▶ _Task description_: Could you restate word for word only the lines below from the one holding "Đại tá Nguyễn" to the one holding "Marché de Noel", inclusive, and leave out the pictures?

*** Extracted material Section Begins ***

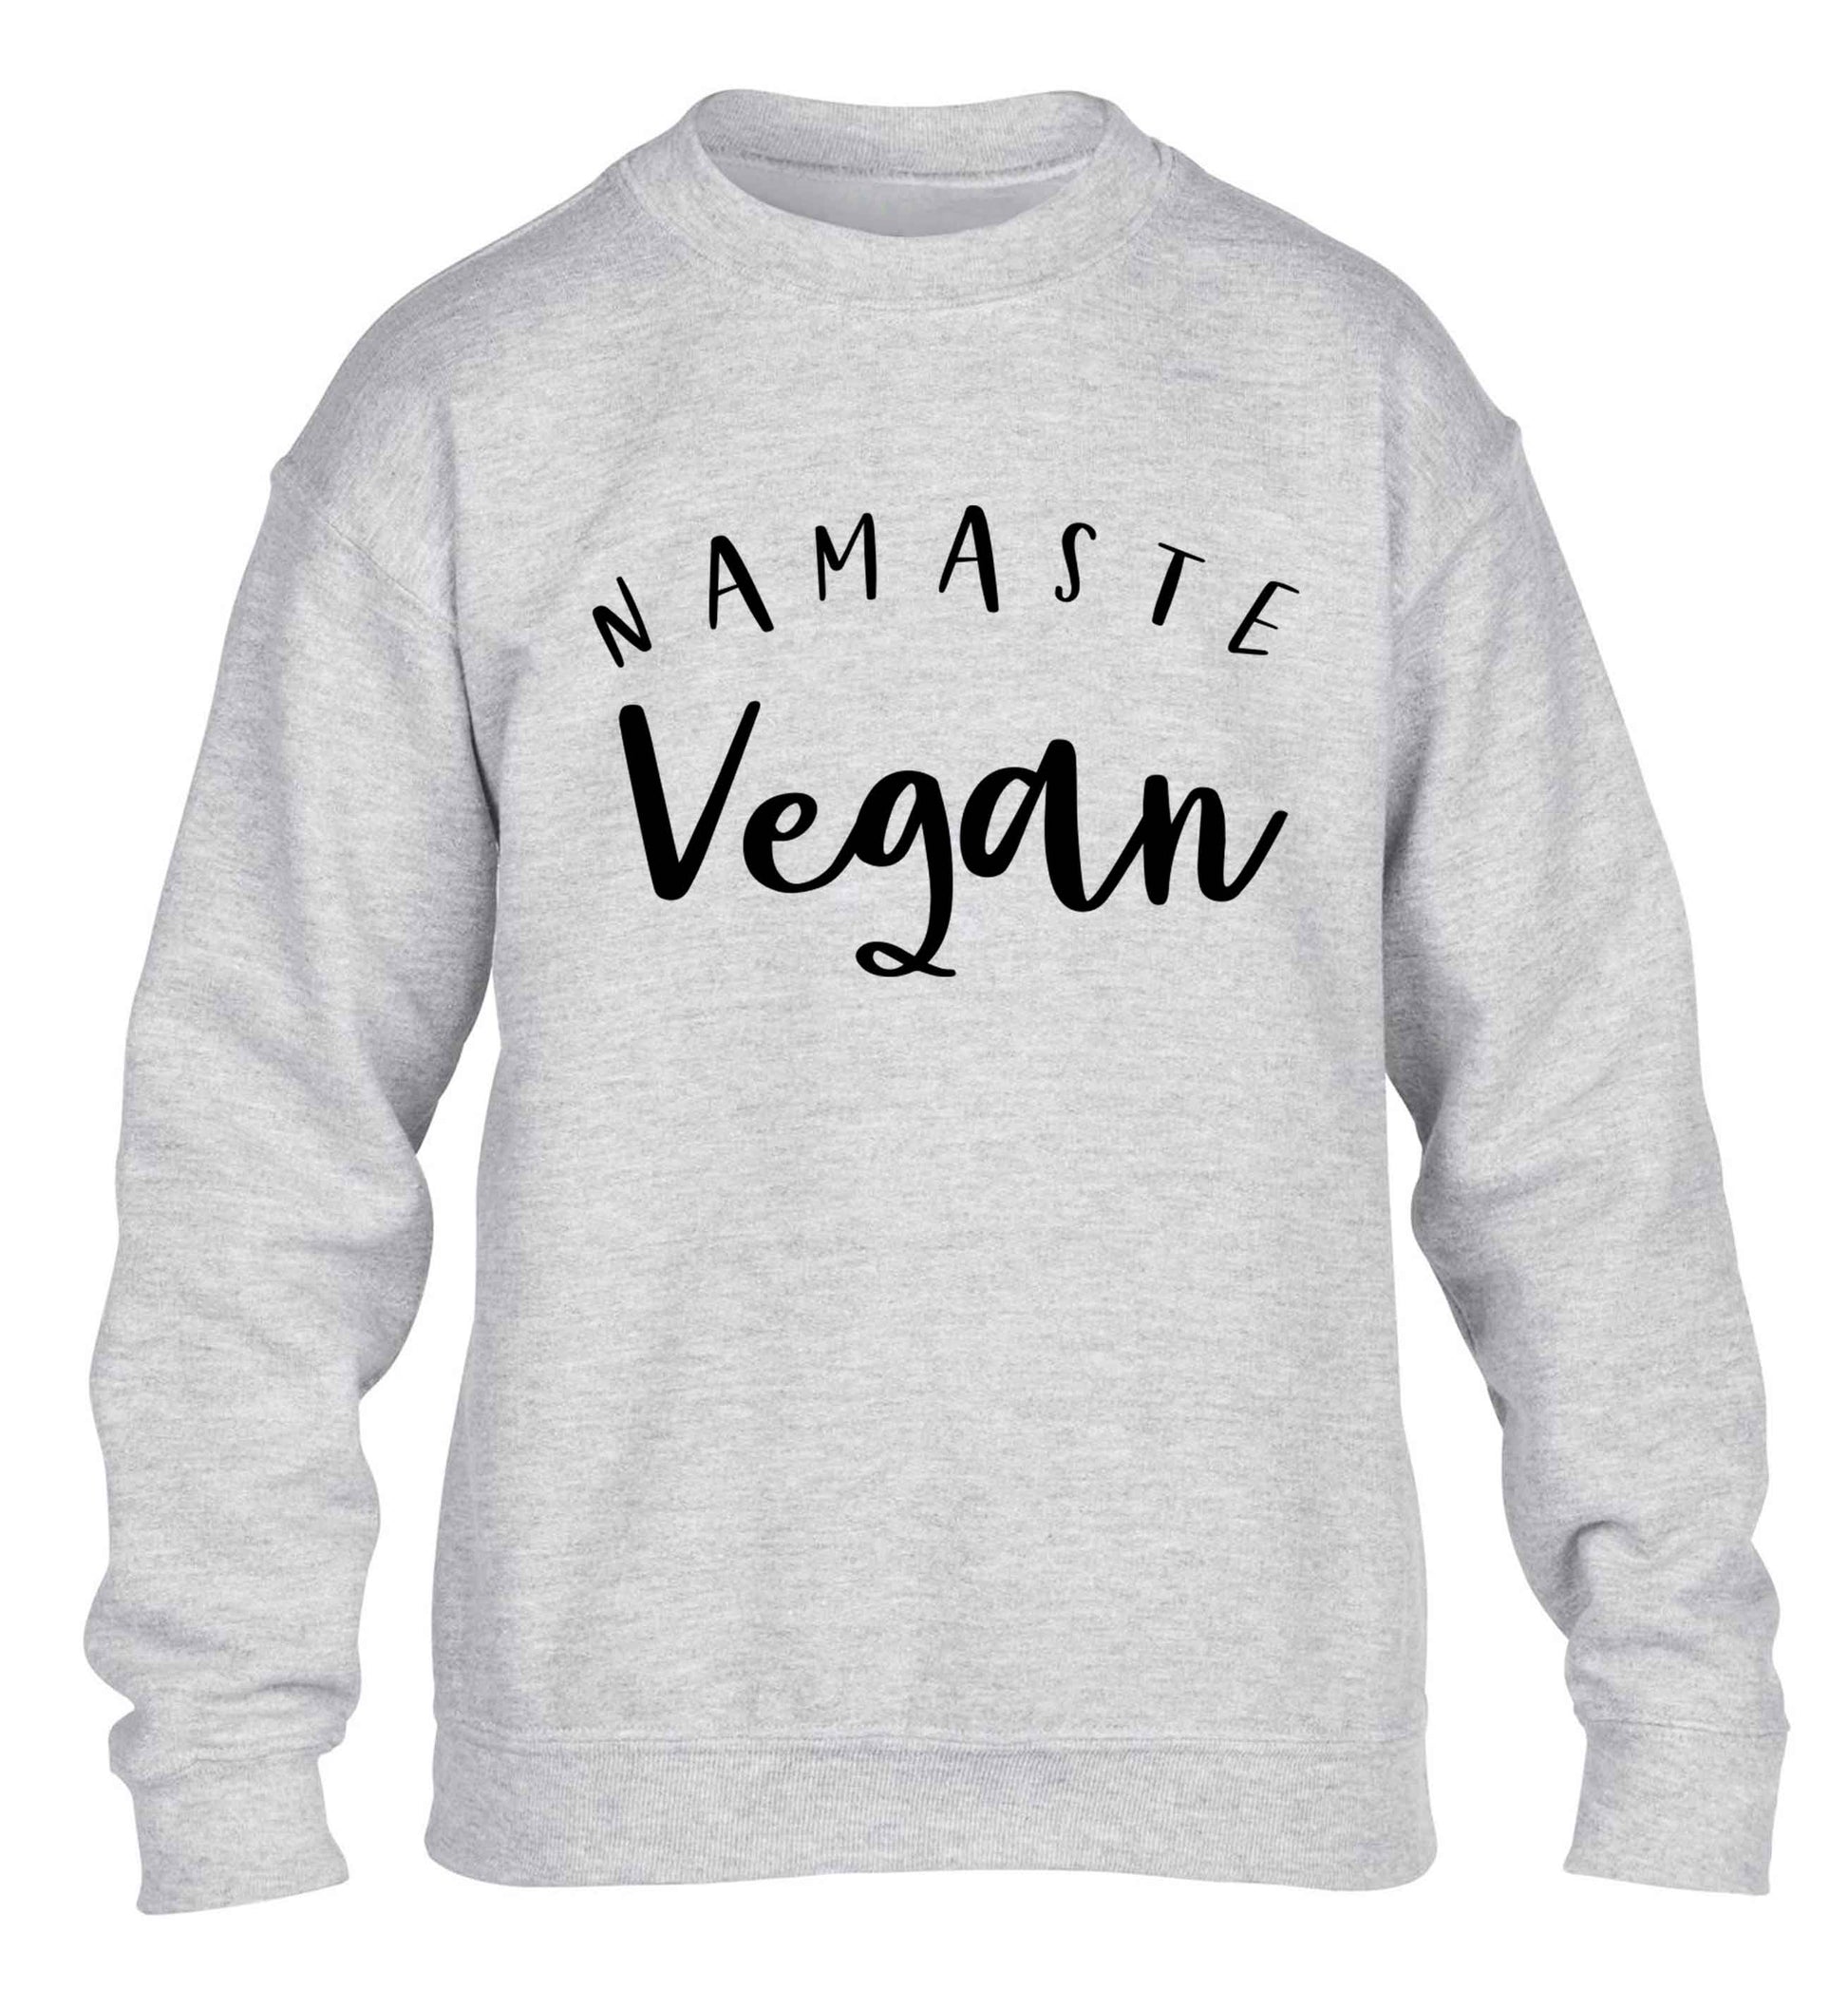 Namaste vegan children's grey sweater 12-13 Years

*** Extracted material Section Ends ***
*** Extracted material Section Begins ***

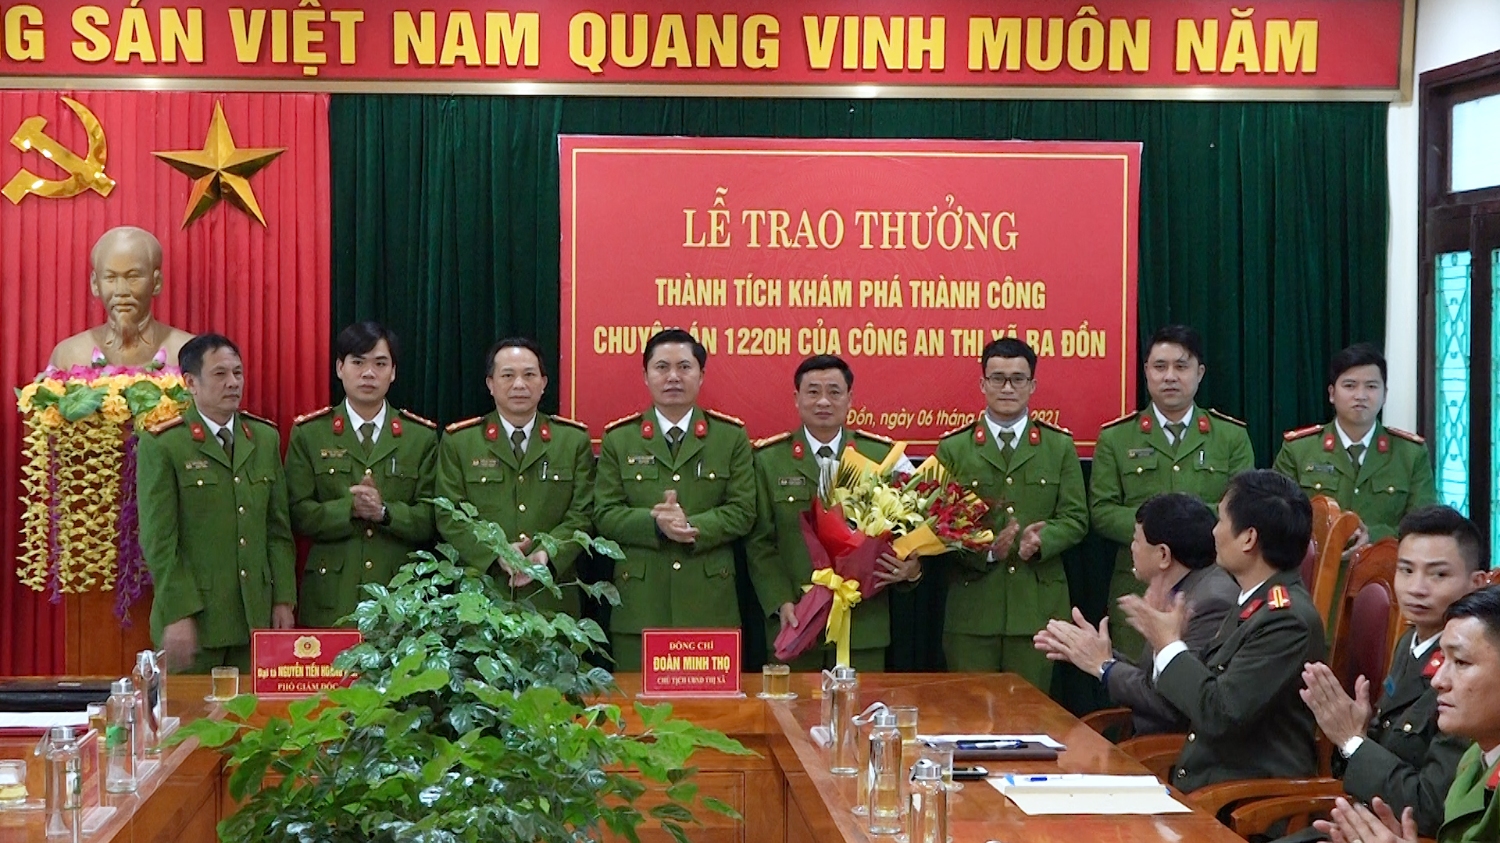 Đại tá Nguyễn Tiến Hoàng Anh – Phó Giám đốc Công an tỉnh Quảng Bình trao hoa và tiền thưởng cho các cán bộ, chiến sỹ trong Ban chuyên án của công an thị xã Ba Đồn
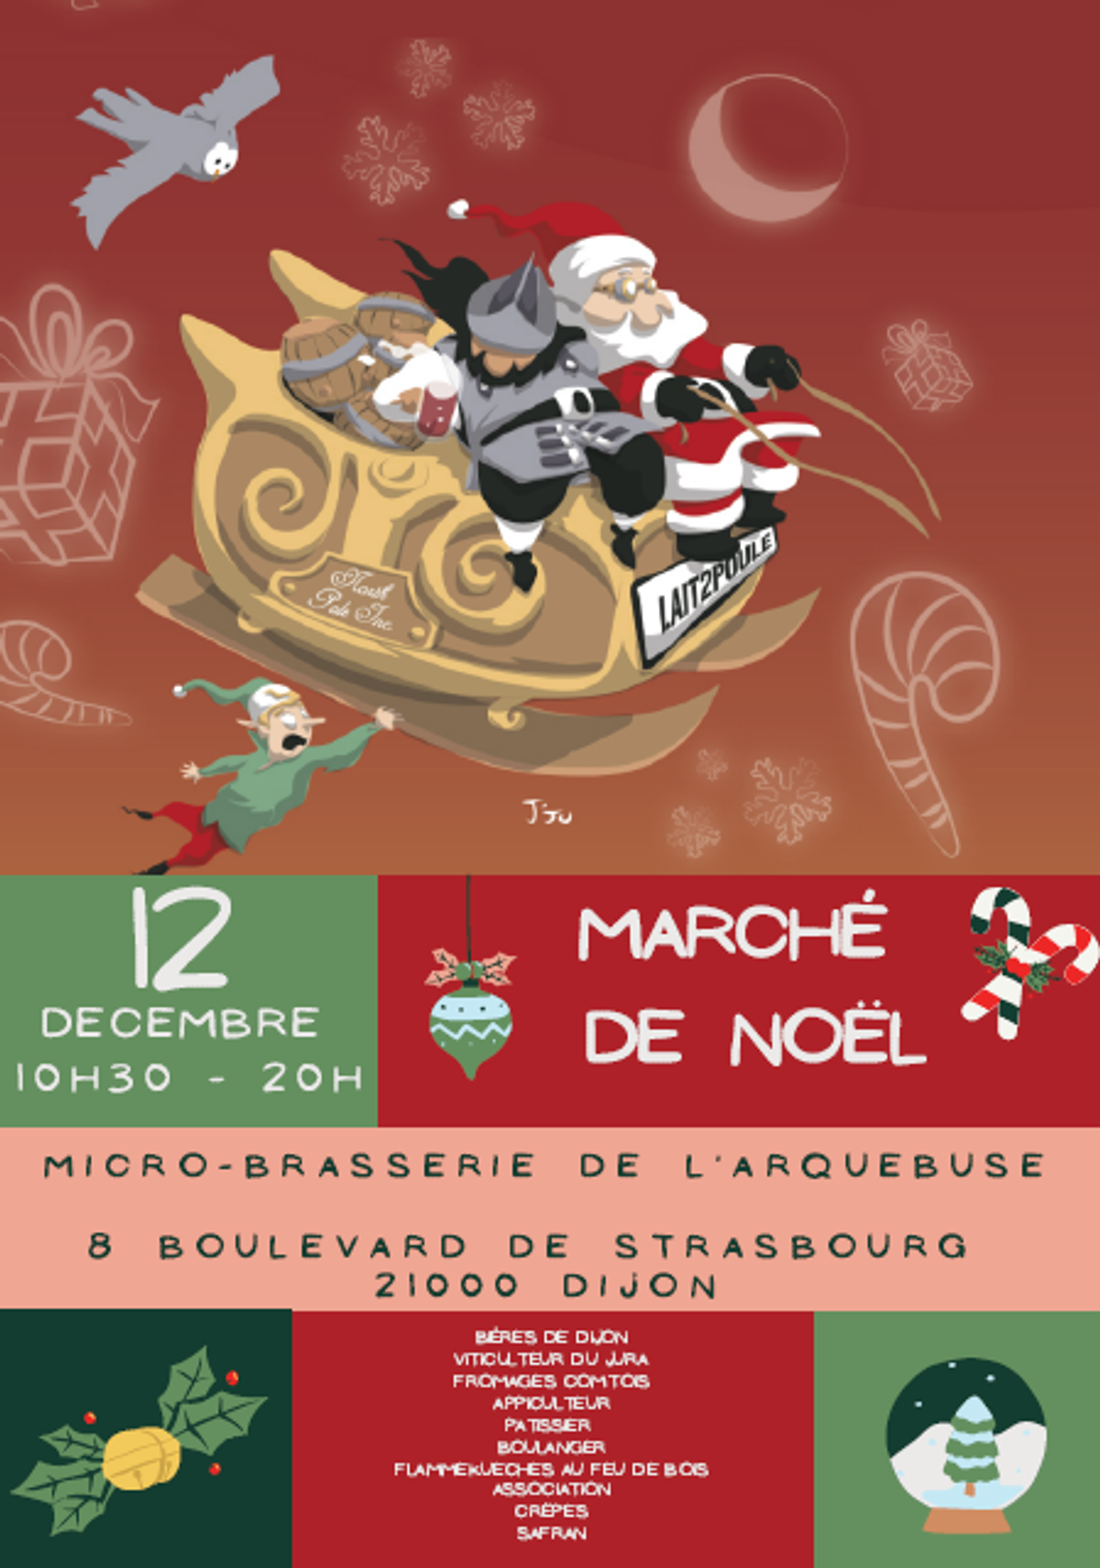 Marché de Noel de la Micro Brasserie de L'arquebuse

*** Extracted material Section Ends ***
*** Extracted material Section Begins ***

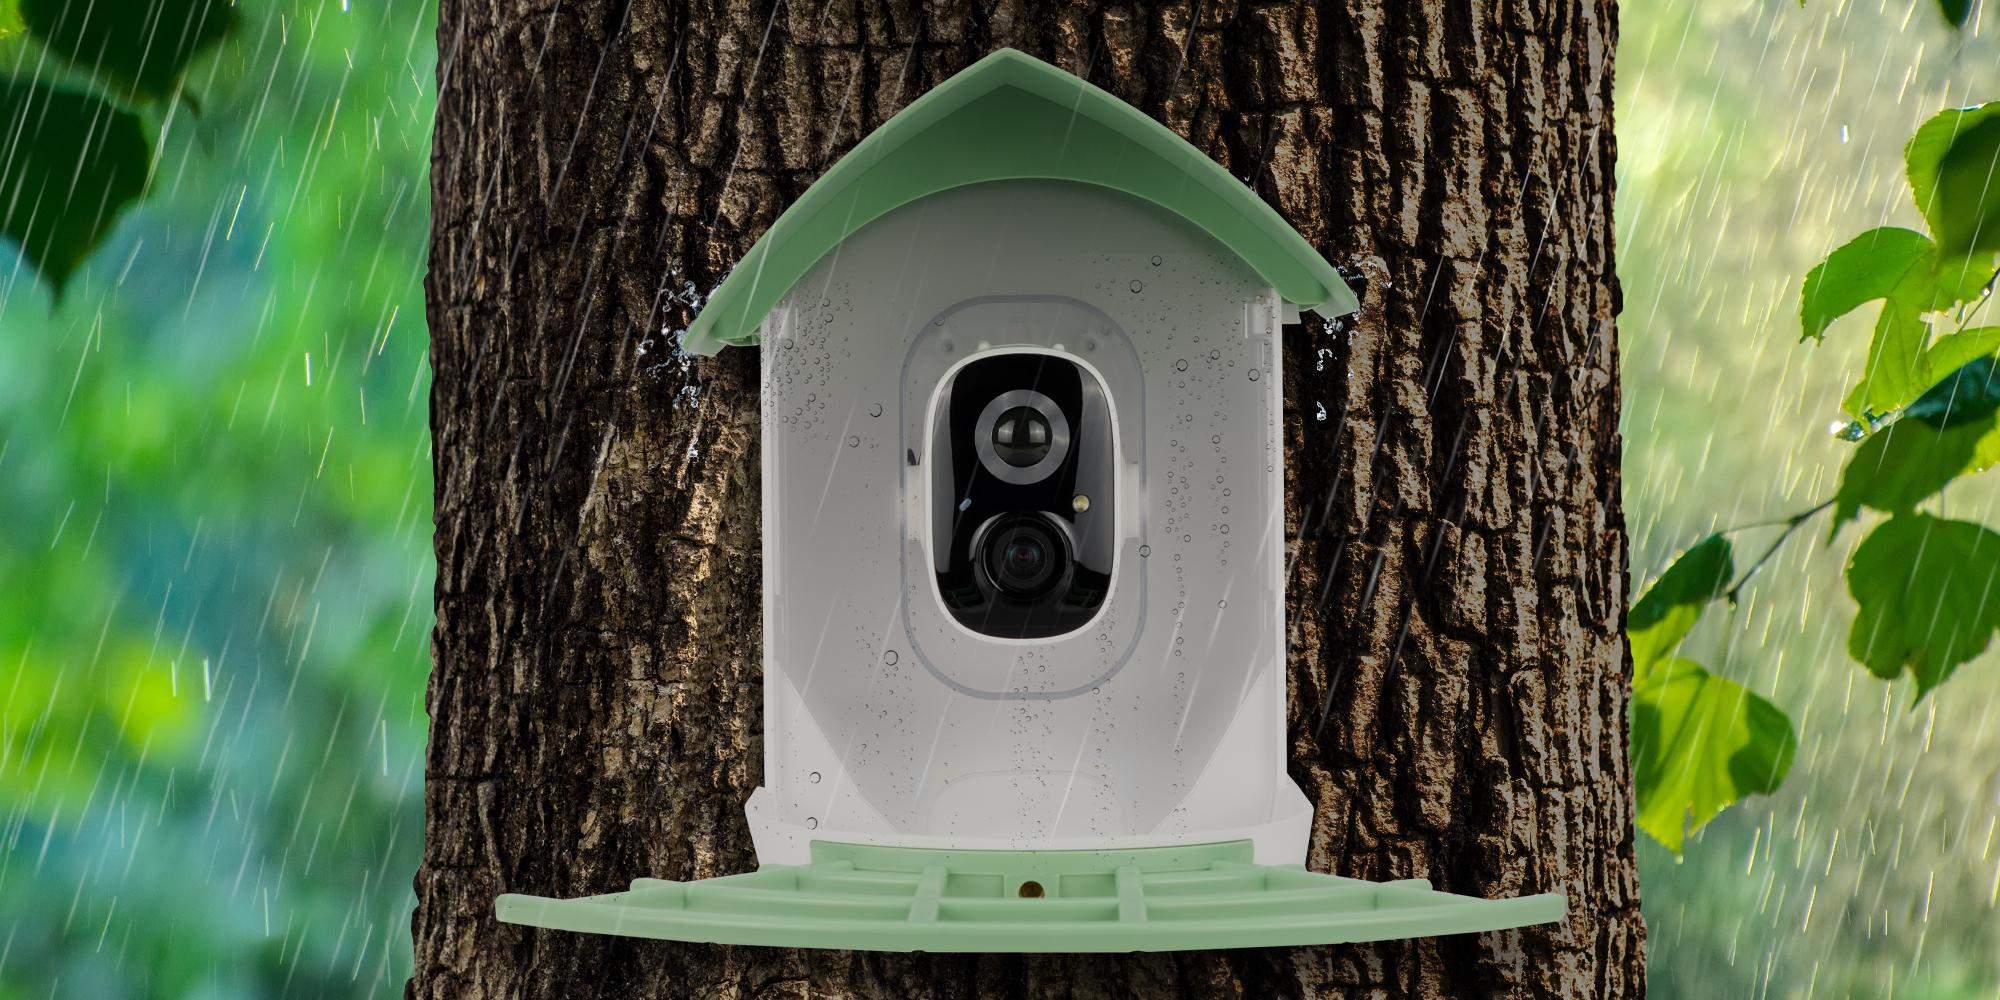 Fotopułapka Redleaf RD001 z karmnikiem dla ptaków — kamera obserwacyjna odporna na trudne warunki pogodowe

*** Extracted material Section Ends ***

▶ _Written reply_:
 Đại tá Nguyễn Tiến Hoàng Anh – Phó Giám đốc Công an tỉnh Quảng Bình trao hoa và tiền thưởng cho các cán bộ, chiến sỹ trong Ban chuyên án của công an thị xã Ba Đồn
 Marché de Noel de la Micro Brasserie de L'arquebuse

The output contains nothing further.